At least the three most relevant 510(k) or De Novo summaries, in full. After that, use targeted chat questions to confirm your memory quickly. The tool supports this professional habit — it doesn't replace it.
5. Side-by-side comparison
Select multiple rows in the results table (aim for under ~10), then open the PDF Viewer tab. Ask one question — it goes to all selected devices in parallel, each with citations. This is the fastest way to compare and contrast devices: training data, PCCP scope, how they handled adding new scanners, and so on.
What does the side-by-side PDF viewer mode do?
Select multiple devices, open the PDF viewer tab, and ask one question (e.g., "Describe the training data"). It queries all selected devices simultaneously with citations, so you can compare and contrast quickly.
6. Collections
With rows selected, go to the Collections tab and create a labeled collection (e.g., "Cobb Angle Project"). Reload that selection any time — before a client call, pull up the collection and ask questions across all of its devices at once.
How do you save a set of selected devices for later use?
Select the rows, go to the Collections tab, and create a labeled collection (e.g., "Cobb Angle Project"). You can reload the selection anytime and carry it into the PDF viewer and other tabs that support selections.
7. Product codes and the regulations tree
Click a product code in the results to jump to it in the regulations tree — identification text, sibling product codes, and devices you can open in a PDF viewer on the right. Click a regulation number to see its identification, special controls, and related product codes. You can also search by product code or regulation number at the top of the tree. Always read the special controls if any exist for your device — it broadens your search and sharpens pre-kickoff research.
What can you do from the regulations tree view?
Browse product codes and regulation numbers, read the identification text and special controls, browse sibling product codes, open device PDFs on the right, and search by product code or regulation number at the top of the tree.
8. Chart view
Click Show Chart and segment by regulation number (or product code) to see which regulations dominate your result set. Clicking a regulation takes you into the regulations tree. Great for spotting that most matches are, say, hardware laparoscopic devices — a cue to go back and filter.
How do you see which regulations dominate a search result set?

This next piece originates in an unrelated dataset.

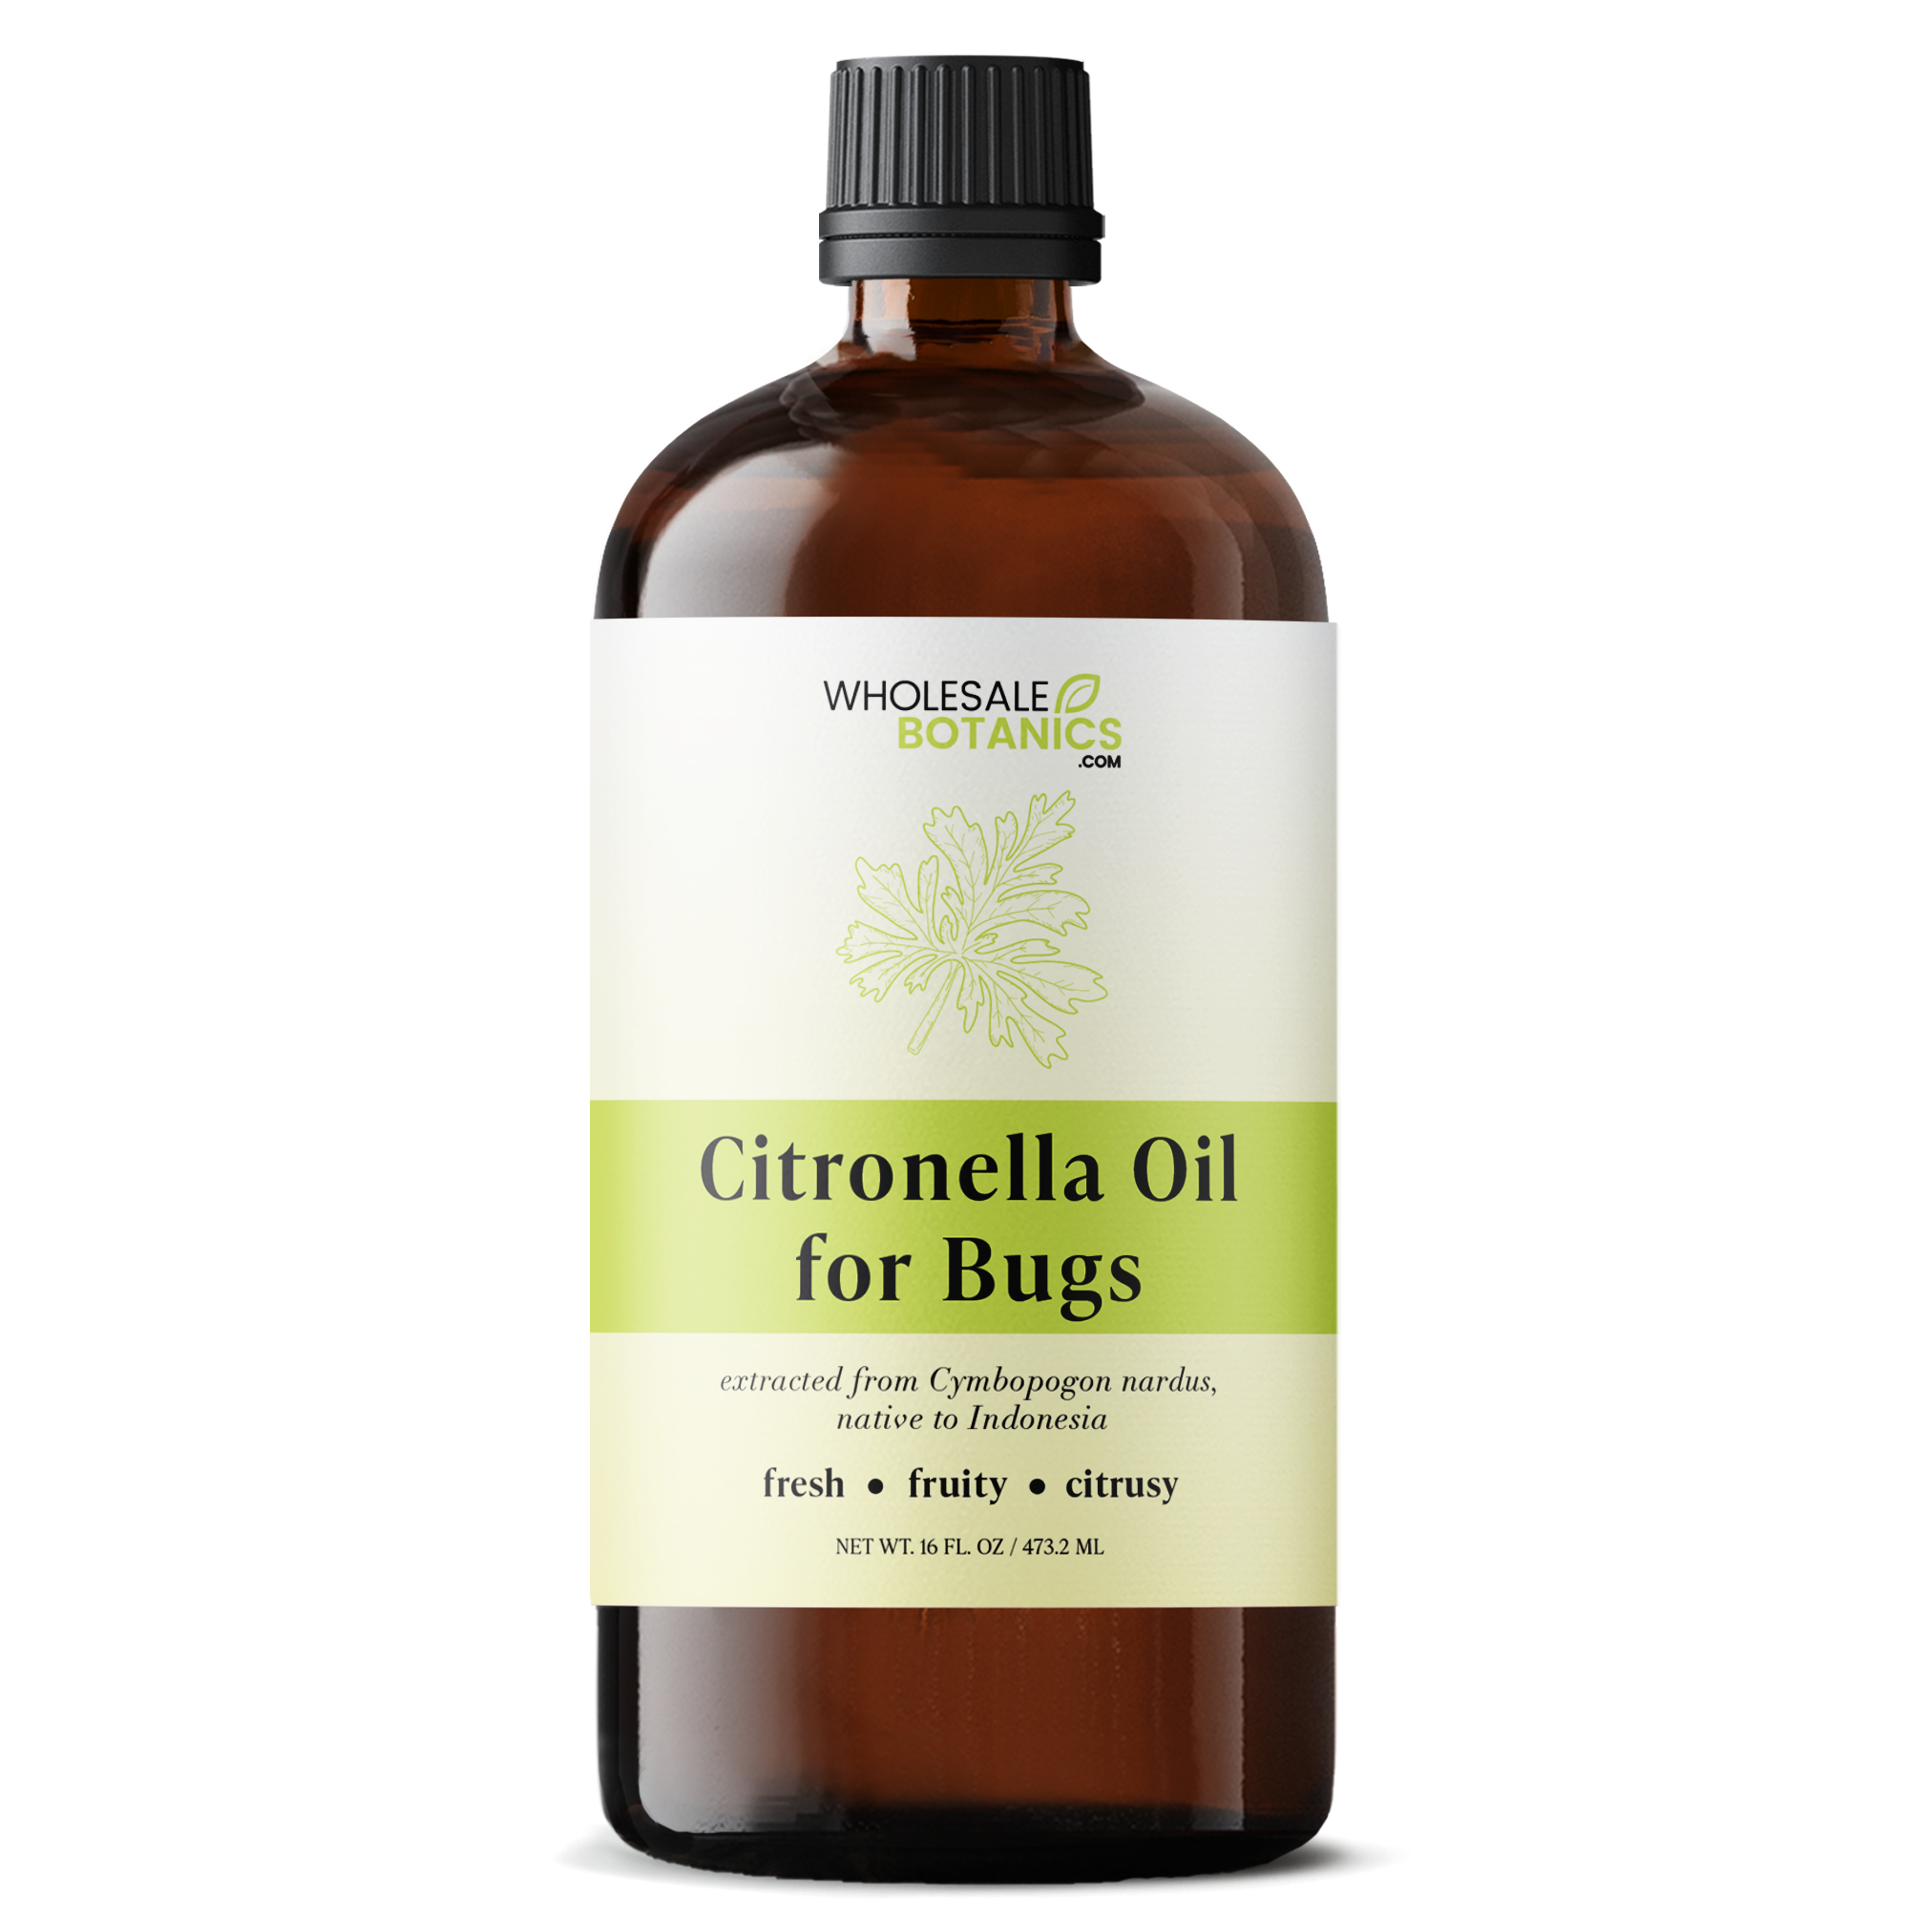 Citronella Oil for Bugs

Click "Show Chart" and segment by Regulation Number. Clicking a regulation takes you to the regulations tree.
9. The predicate graph
Open the Predicates tab for a family-tree view of predicate relationships. Click a node to trace its parents and children; selections from search carry over pre-selected. Commonly predicated devices are worth reading — a lot of people predicated them for a reason. The visual lineage is also handy on client calls, e.g. to show how a predicate family evolved and justify why your predicate still holds.
In the predicate graph, why are commonly predicated devices worth reading?
A lot of people predicated them for a reason. Clicking a node traces parents and children, and selections from search carry over pre-selected.
10. Embeddings: the galaxy map
The Embeddings tab plots every matching document in a 2-D "galaxy map" where semantically similar devices cluster together. Hover or click clusters to explore, and let AI label the clusters for you. Embeddings beat product codes for grouping: two devices can carry different product codes (LLZ vs. QIH) yet do the same thing — the embedding captures the meaning of the intended use and device story. This is also exactly how retrieval-augmented generation (RAG) works under the hood, and it makes a great visual on client calls.
Try it yourself
Head to the search page and work through a few of these AI/ML fuzzy searches to build intuition: perivascular fat on CT · aortic valve calcification opportunistic screening on noncontrast CT · breast cancer prediction on digital pathology slides · autism detection · gestational age prediction · a hearing aid that can also detect a pulse · foundation model based analysis of ECG · large language models · penetration test. Watch how the relevance scores, intended use, and AI Performance tables tell you when results stop being meaningful.